═══ Given records ═══
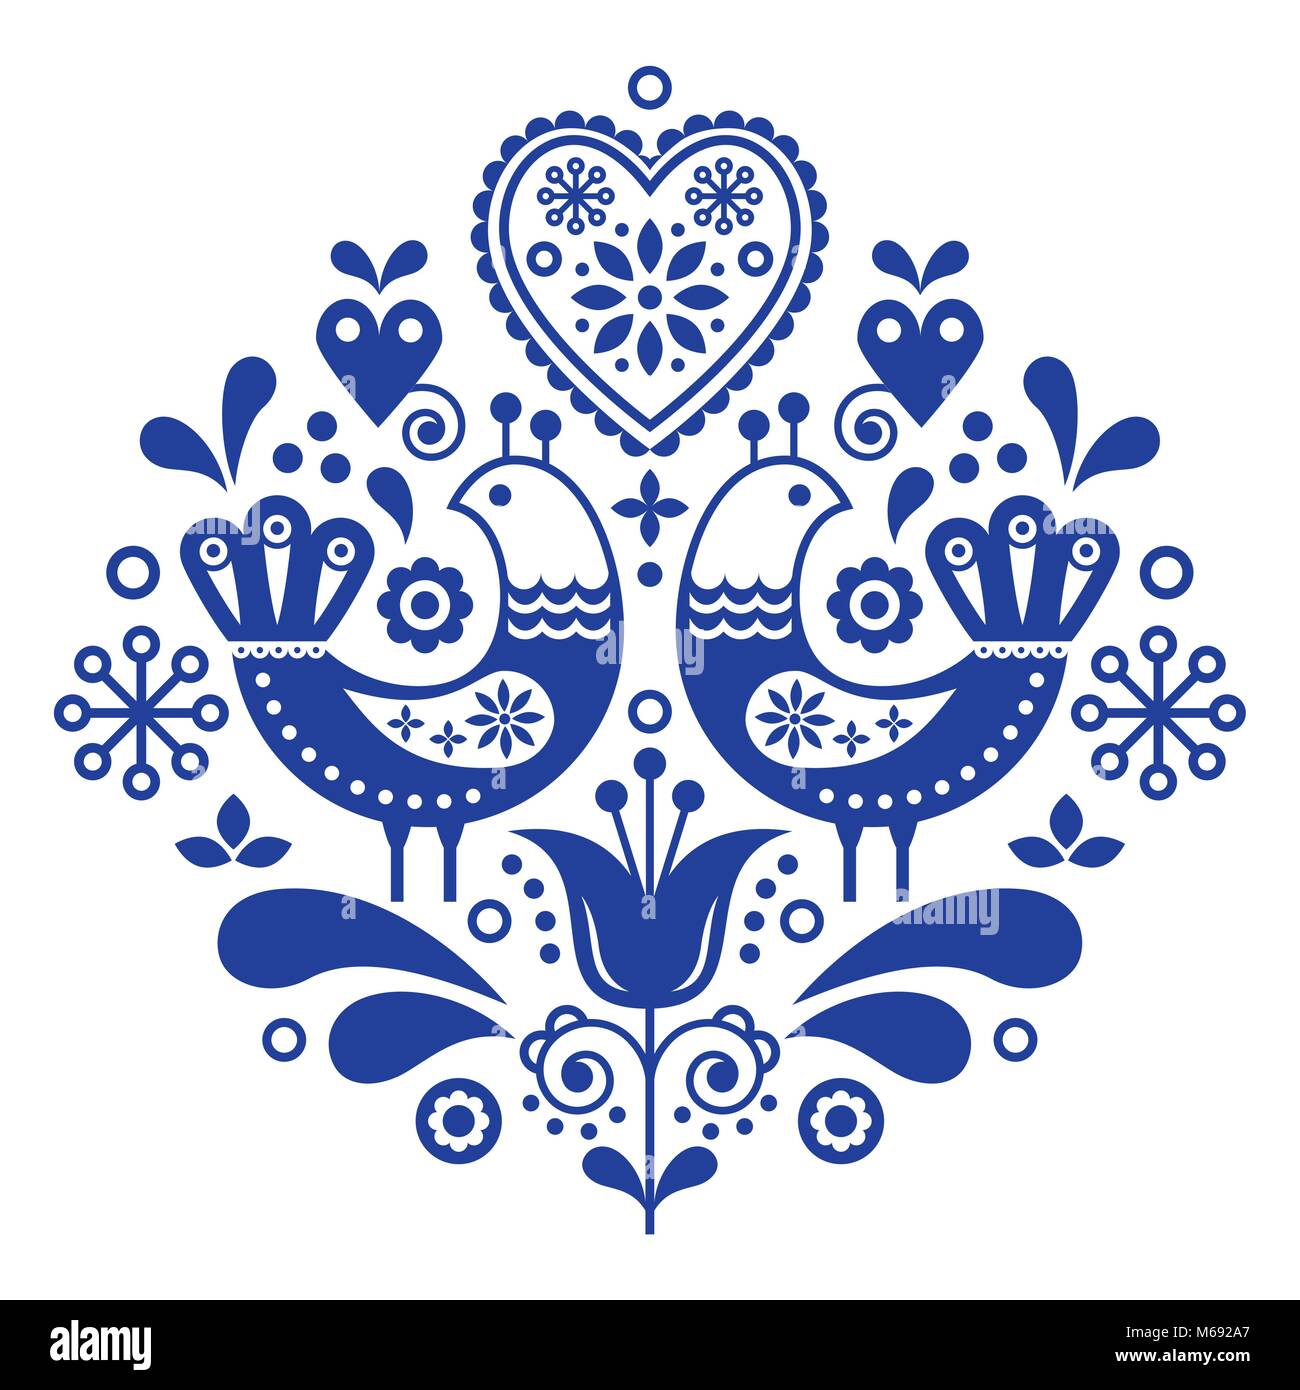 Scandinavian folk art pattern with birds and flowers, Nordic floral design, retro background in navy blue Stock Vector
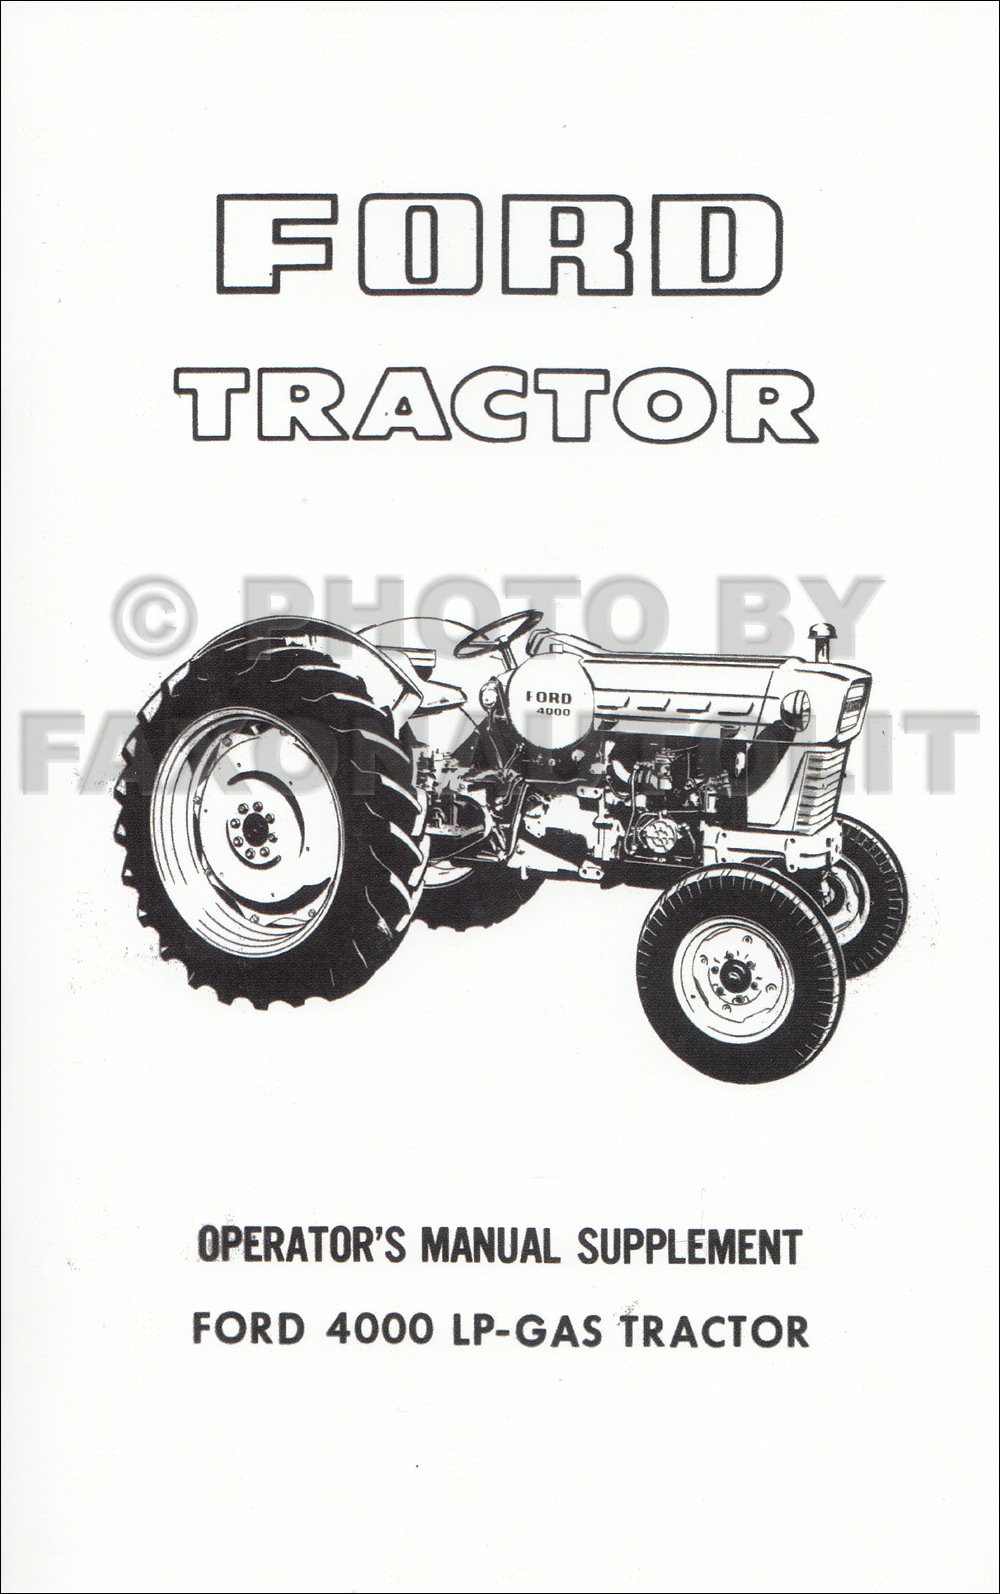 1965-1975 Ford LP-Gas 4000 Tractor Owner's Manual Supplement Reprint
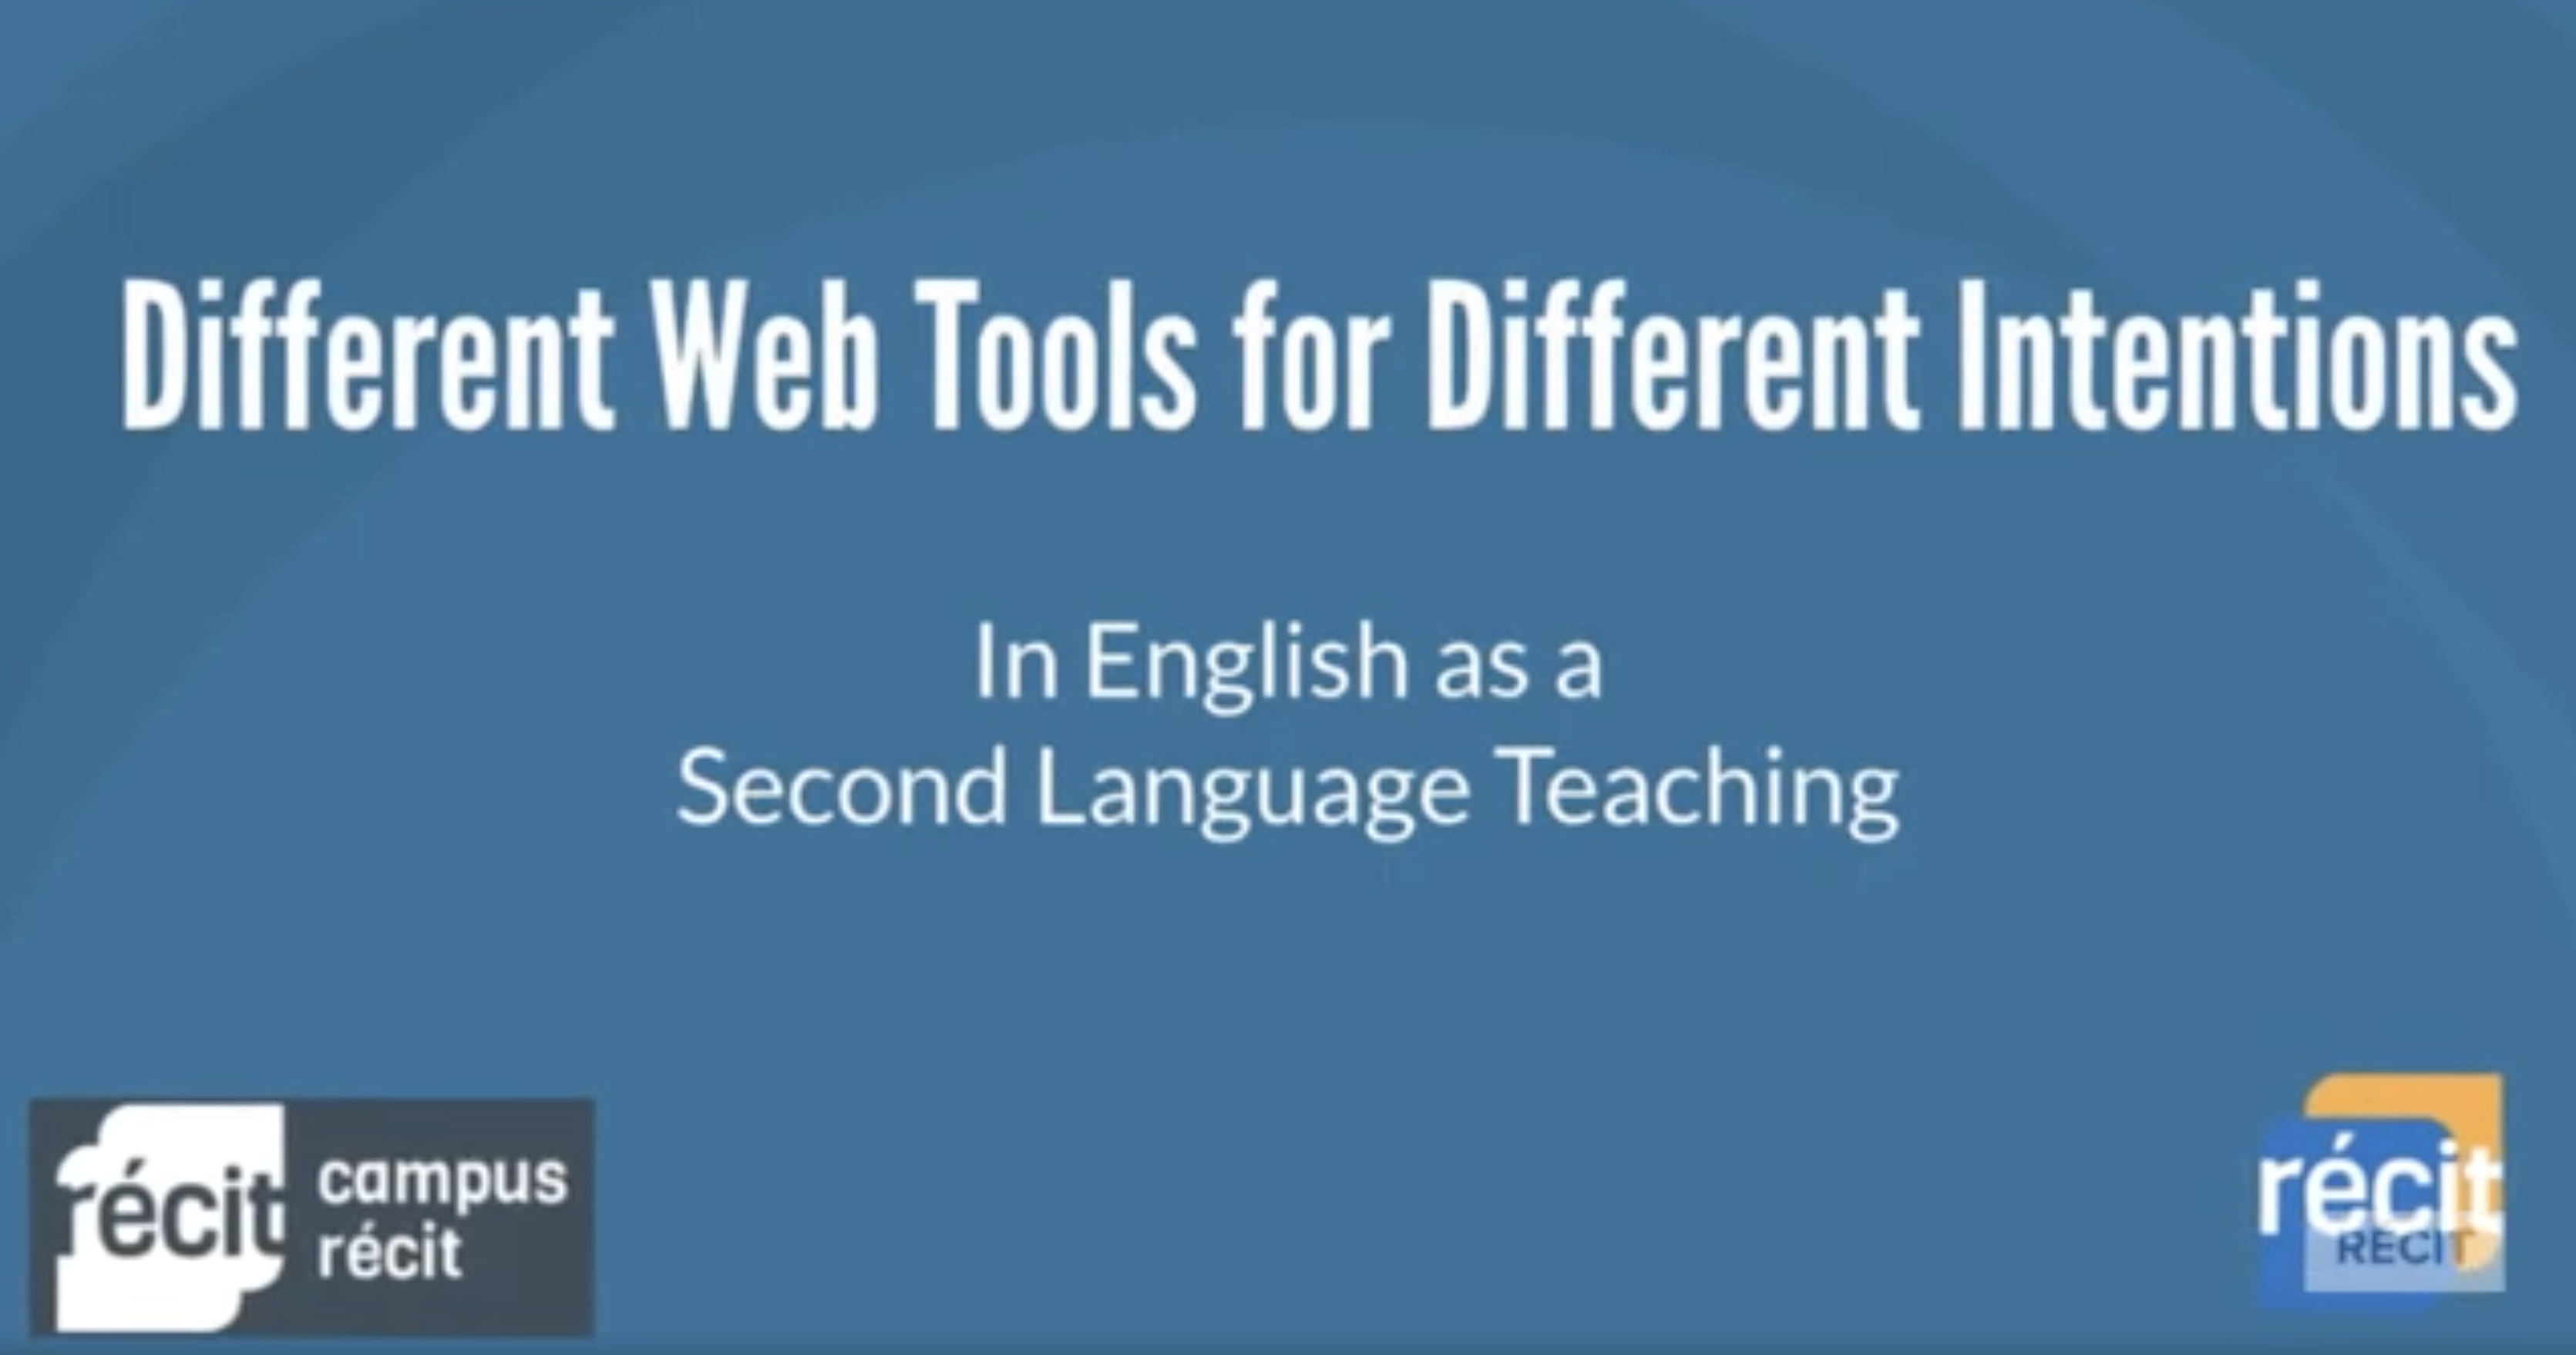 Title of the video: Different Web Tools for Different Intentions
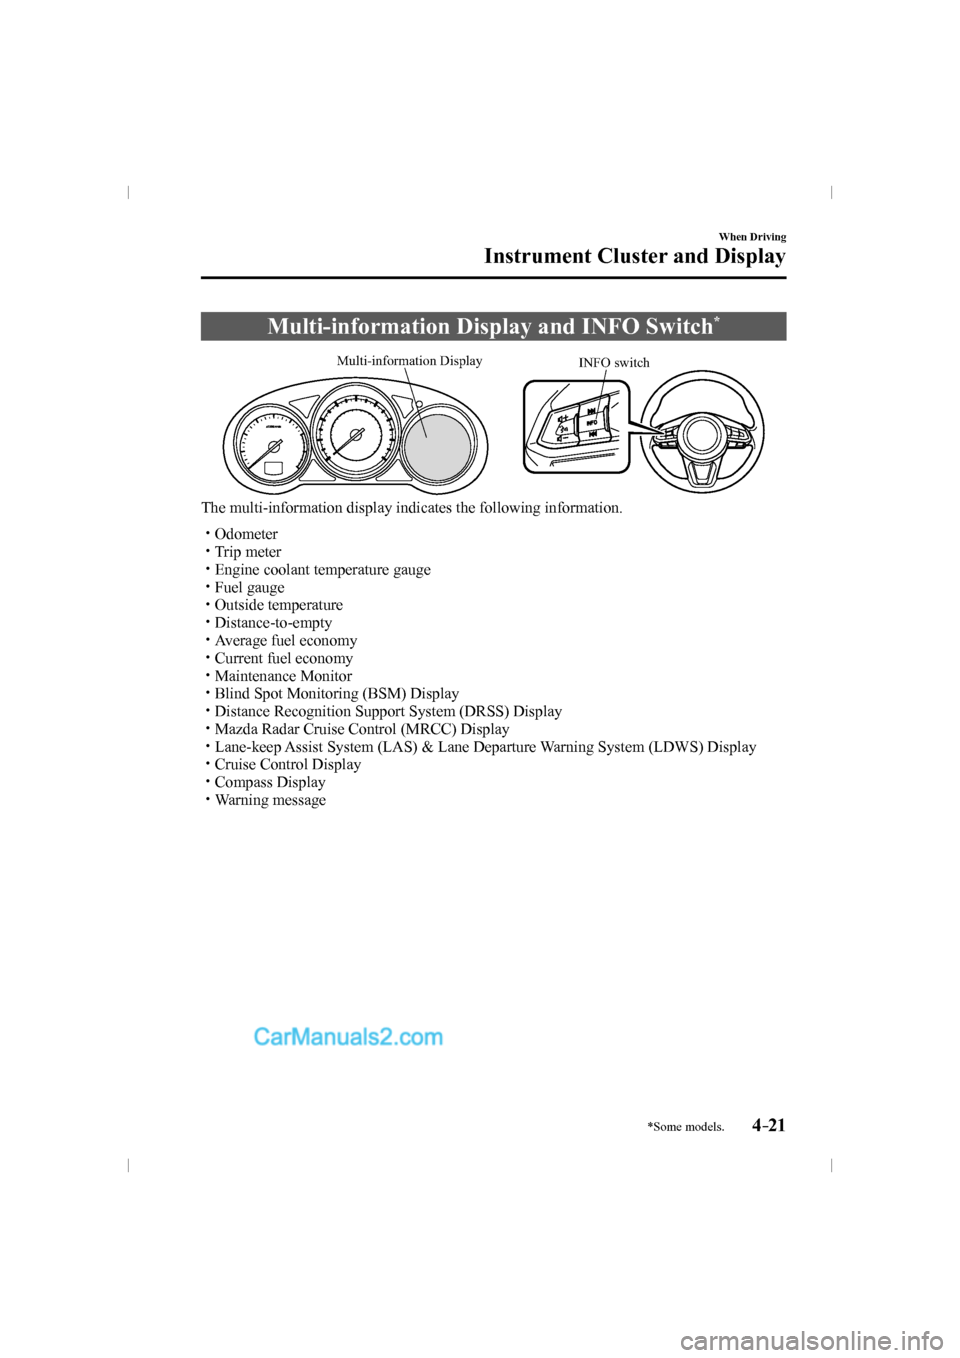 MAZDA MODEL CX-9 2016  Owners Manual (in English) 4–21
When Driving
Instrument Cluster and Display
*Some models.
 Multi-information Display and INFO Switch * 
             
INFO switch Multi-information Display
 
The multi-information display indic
═══
--- Task details ---
If an entry contains a picture, leave it out and repeat the rest exactly.

--- Answer for the task ---
 Scandinavian folk art pattern with birds and flowers, Nordic floral design, retro background in navy blue Stock Vector
 1965-1975 Ford LP-Gas 4000 Tractor Owner's Manual Supplement Reprint
 Title of the video: Different Web Tools for Different Intentions
 MAZDA MODEL CX-9 2016  Owners Manual (in English) 4–21
When Driving
Instrument Cluster and Display
*Some models.
 Multi-information Display and INFO Switch * 
             
INFO switch Multi-information Display
 
The multi-information display indic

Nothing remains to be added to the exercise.